Integration of LLaMA 3 into LabVIEW: A New Era of Robotics, AI, and Automation

By Youssef MENJOUR , Graiphic CTO

Taking advantage of the significant benefits of LabVIEW compared to traditional syntactic languages, namely the rapid implementation of agents by integrating the model into an efficient and adapted software architecture, we are excited to announce the development of a new generation of modules and tools for LabVIEW focused on robotics, AI, and automation.

Released in April 18, 2024, we are thrilled to announce the arrival of the LLaMA 3 model on LabVIEW today.

To enable its functionality within LabVIEW, we are utilizing the LabVIEW Deep Learning Module to execute inferences. This integration allows us to harness the power of LLaMA 3’s advanced large language models (LLMs) and generative AI capabilities, enhancing our performance in AI-driven automation and robotics.

With this integration, users can leverage LLaMA 3’s robust features, including improved natural language understanding, efficient processing, and the ability to generate sophisticated outputs with high accuracy. This opens up new possibilities for innovation in various fields such as autonomous systems, smart manufacturing, and intelligent control systems.
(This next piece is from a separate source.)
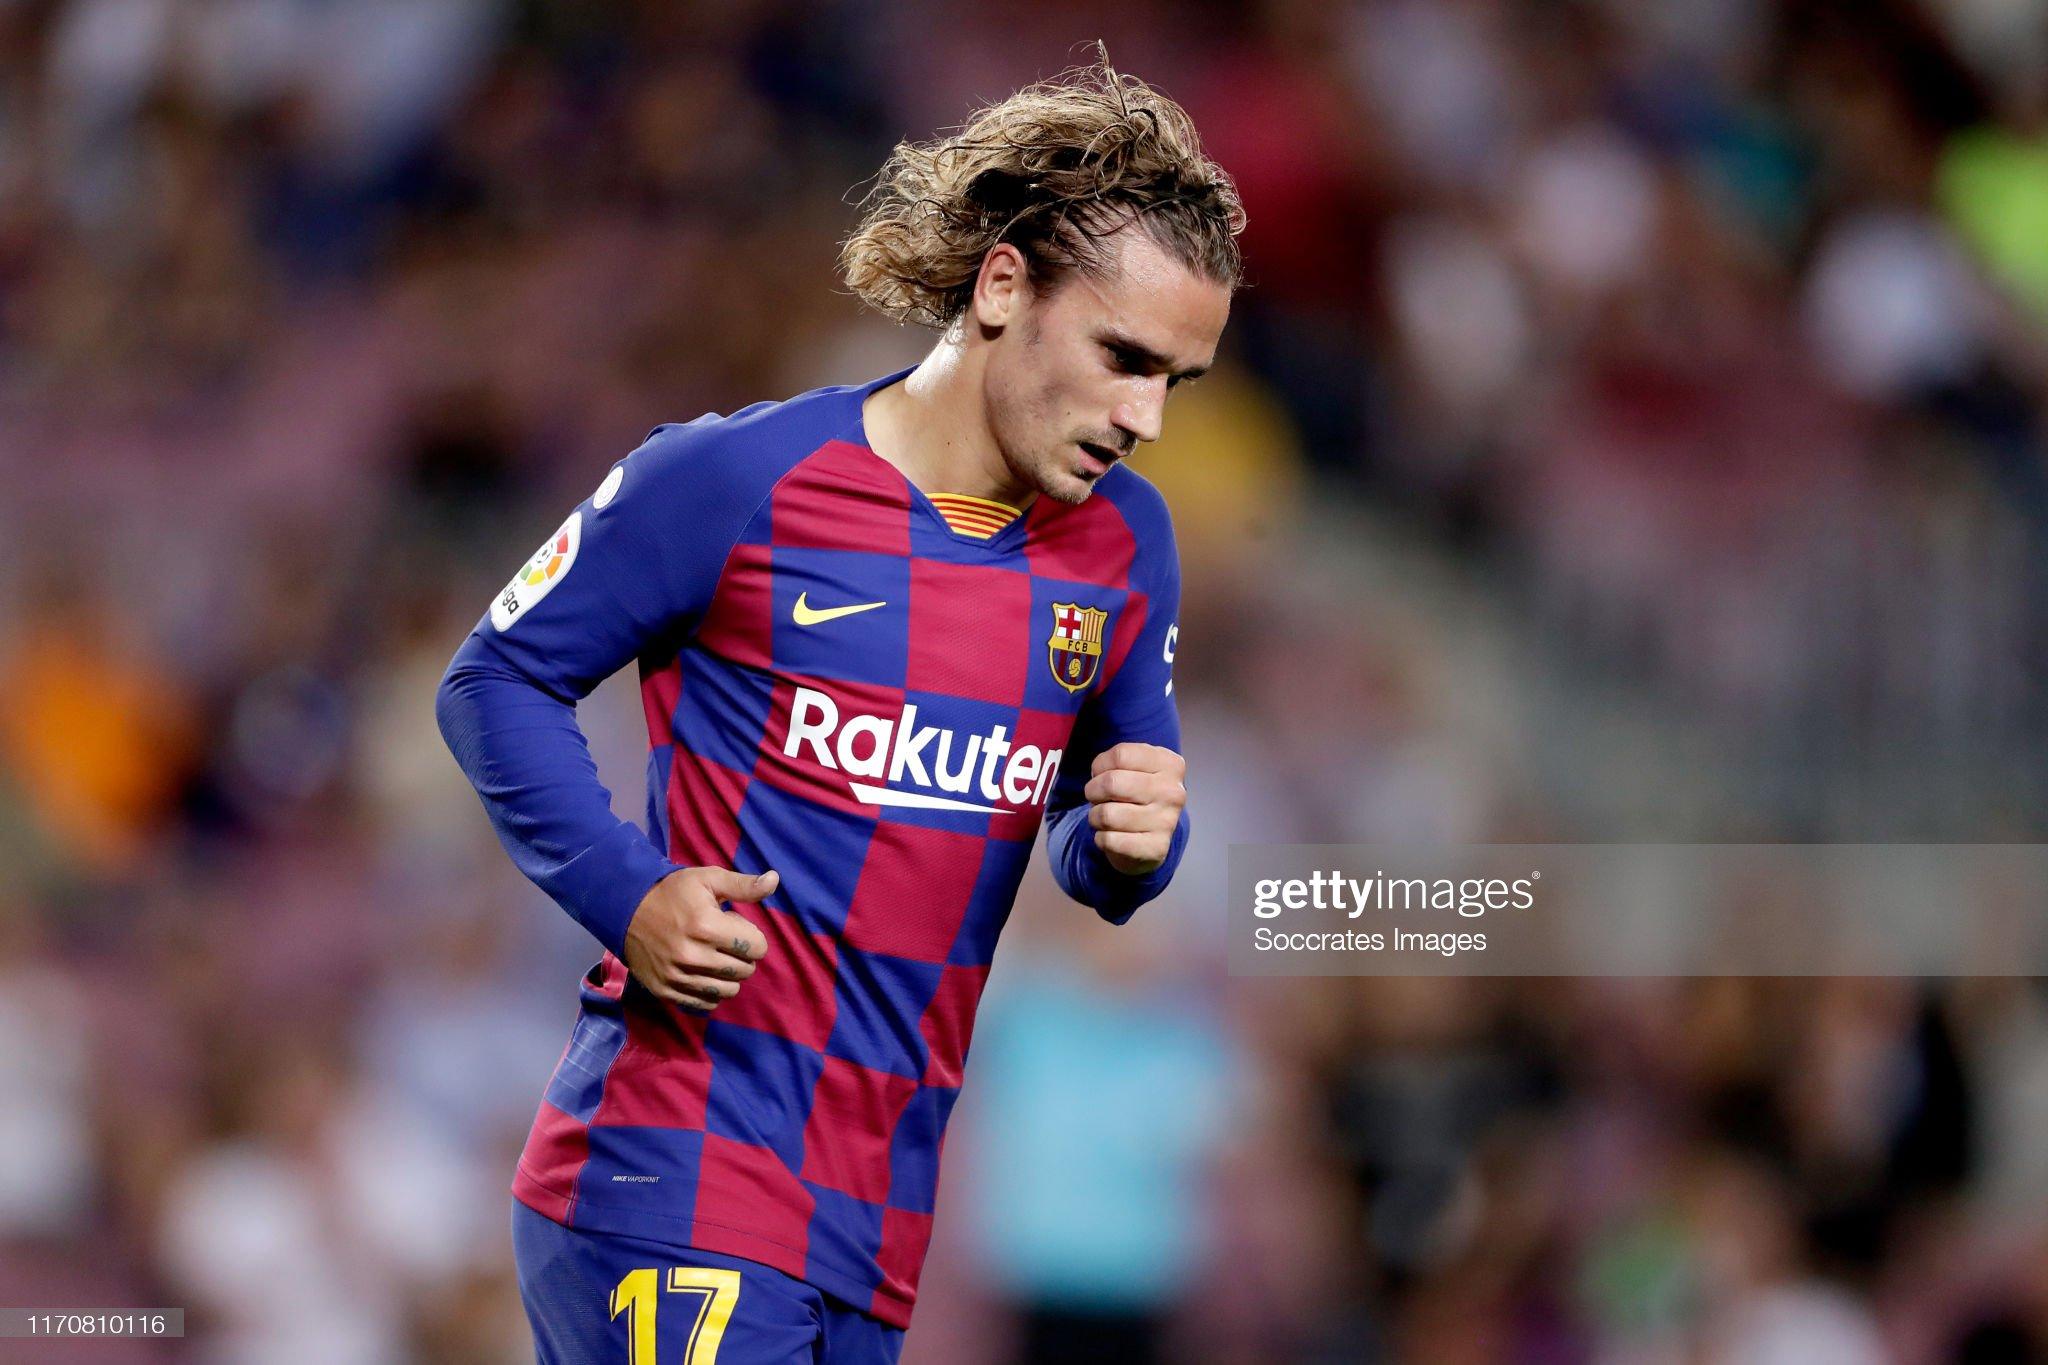 صور مباراة : برشلونة - فياريال 2-1 ( 24-09-2019 )  Antoine-griezmann-of-fc-barcelona-during-the-la-liga-santander-match-picture-id1170810116?s=2048x2048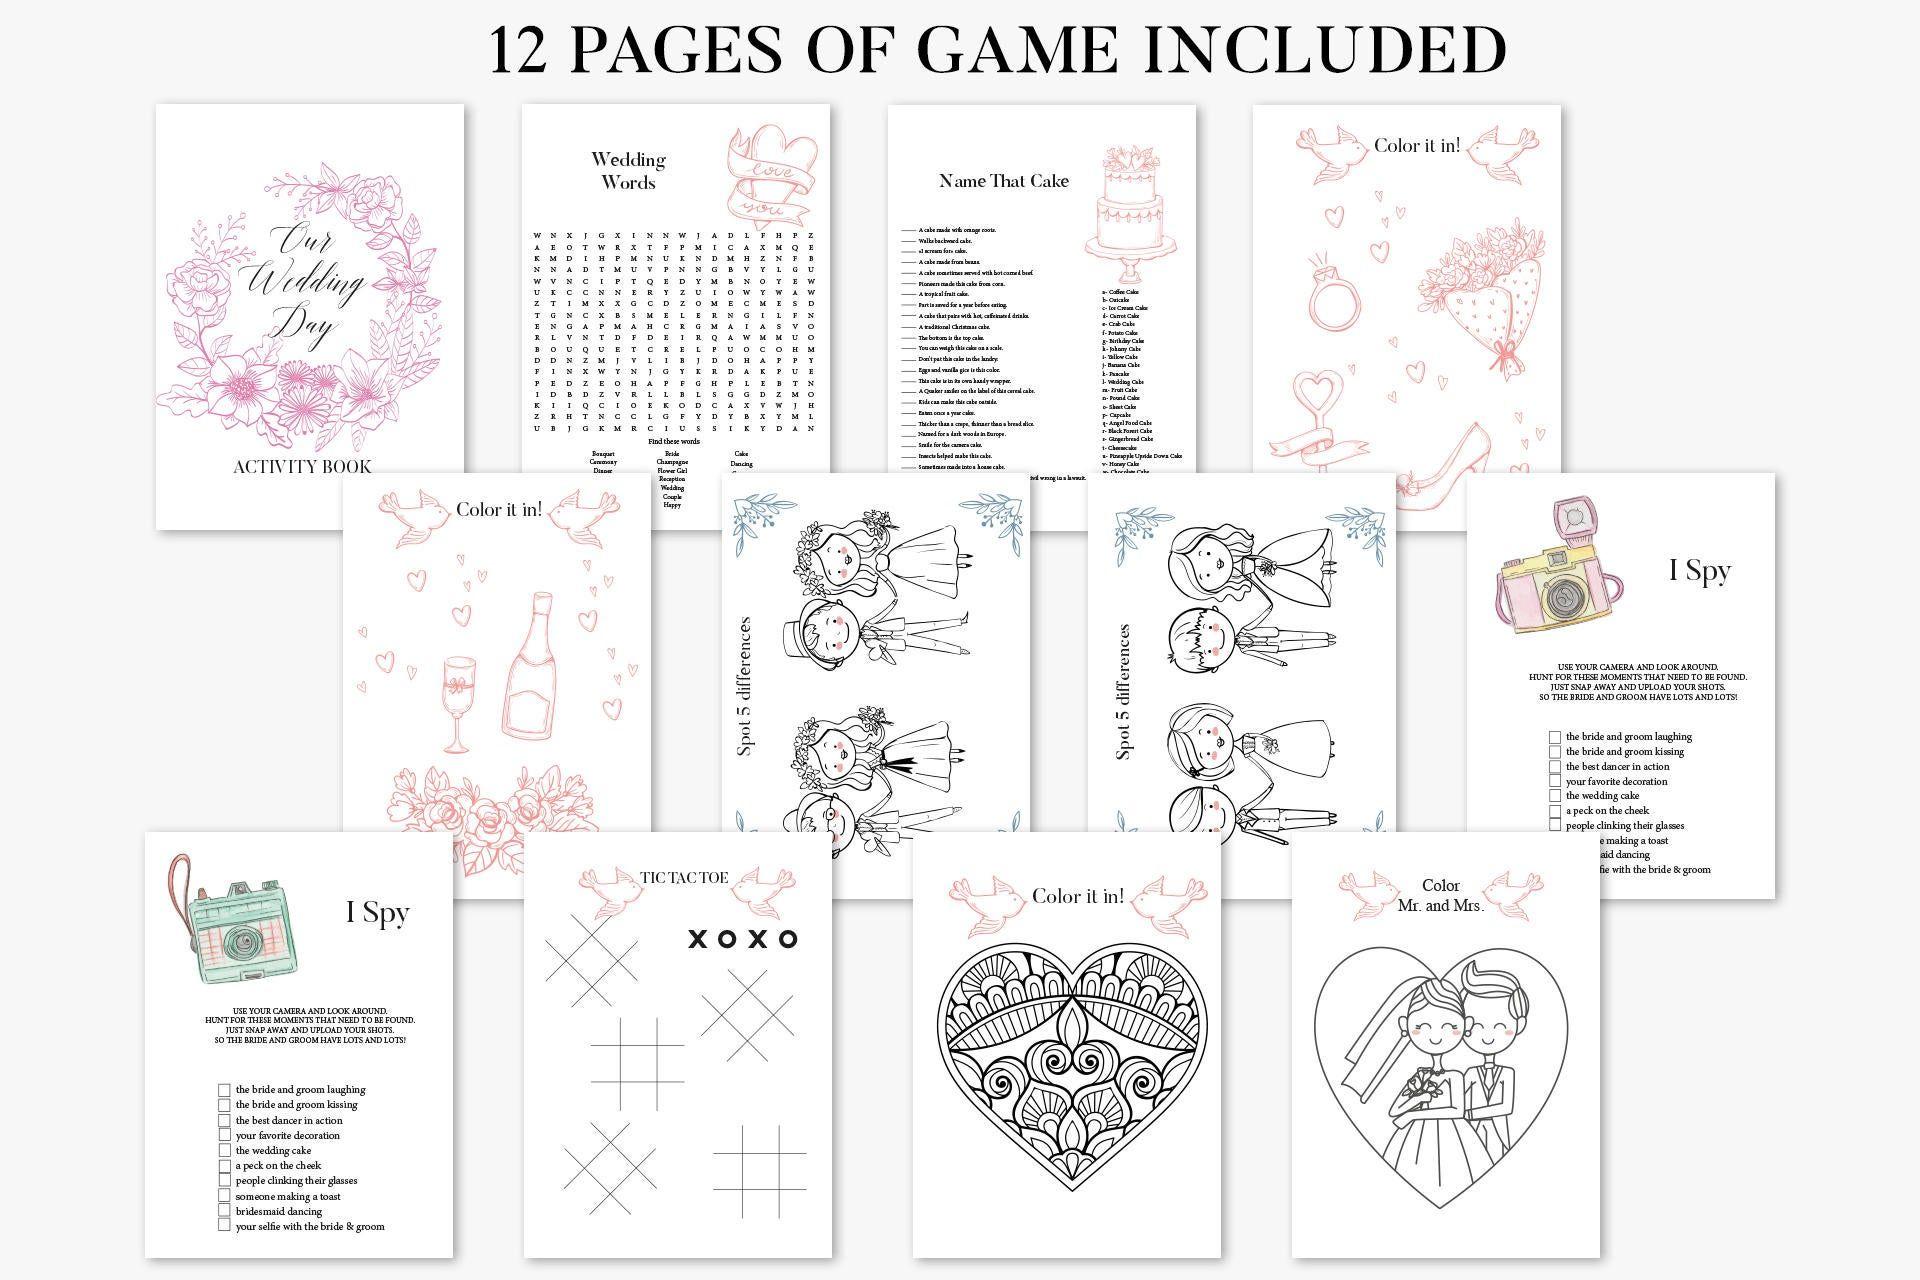 Wedding Activity Book Printable Wedding Coloring Book Kids Etsy In 2021 Wedding Games For Kids Kids Wedding Activities Wedding With Kids

Our new set of modules and tools aims to simplify the deployment of sophisticated AI applications within LabVIEW, providing a seamless interface and enhanced performance. We believe this will significantly accelerate development cycles and bring advanced generative AI capabilities to a broader range of applications and users.

Integration into LabVIEW

With the LabVIEW deep learning module, LabVIEW users will soon be able to benefit from advanced features to run models like YOLO V8 OBB. This module will enable these models to operate on LabVIEW, providing top-tier performance for complex computer vision tasks. Key features offered by this toolkit include:

  • Full compatibility with existing frameworks: Keras, TensorFlow, PyTorch, ONNX.
  • Impressive performance: The new LabVIEW deep learning tools will allow executions 50 times faster than the previous generation (HAIBAL 1.0) and 20% faster than PyTorch.
  • Extended hardware support: CUDA, TensorRT for NVIDIA, Rocm for AMD, OneAPI for Intel.
  • Maximum modularity: Define your own layers and loss functions.
  • Graph neural networks: Complete and advanced integration.
  • Annotation tools: An annotator as efficient as Roboflow, integrated into our software suite.
  • Model visualization: Utilizing Netron for graphical model summaries.
  • Generative AI: Complete library for execution, fine-tuning, and RAG setup for Llama 3, Phi 3, Florence-2 models.

Example Video

With these advancements, integrating YOLO v8 OBB into your LabVIEW projects has never been easier, enabling you to leverage cutting-edge computer vision capabilities directly within the LabVIEW environment. Whether you are working on a robotics project, an AI-driven application, or an automation task, the new modules will streamline your workflow and enhance your project’s performance.

Conclusion

With the upcoming next-generation LabVIEW Deep Learning module, LLaMA 3 will be available as an example. This integration will excel in tasks such as natural language understanding, generative AI outputs, and efficient processing for AI-driven applications in robotics, automation, and more. This powerful combination promises to unlock new potentials in developing sophisticated and intelligent systems, pushing the boundaries of what is achievable in these fields.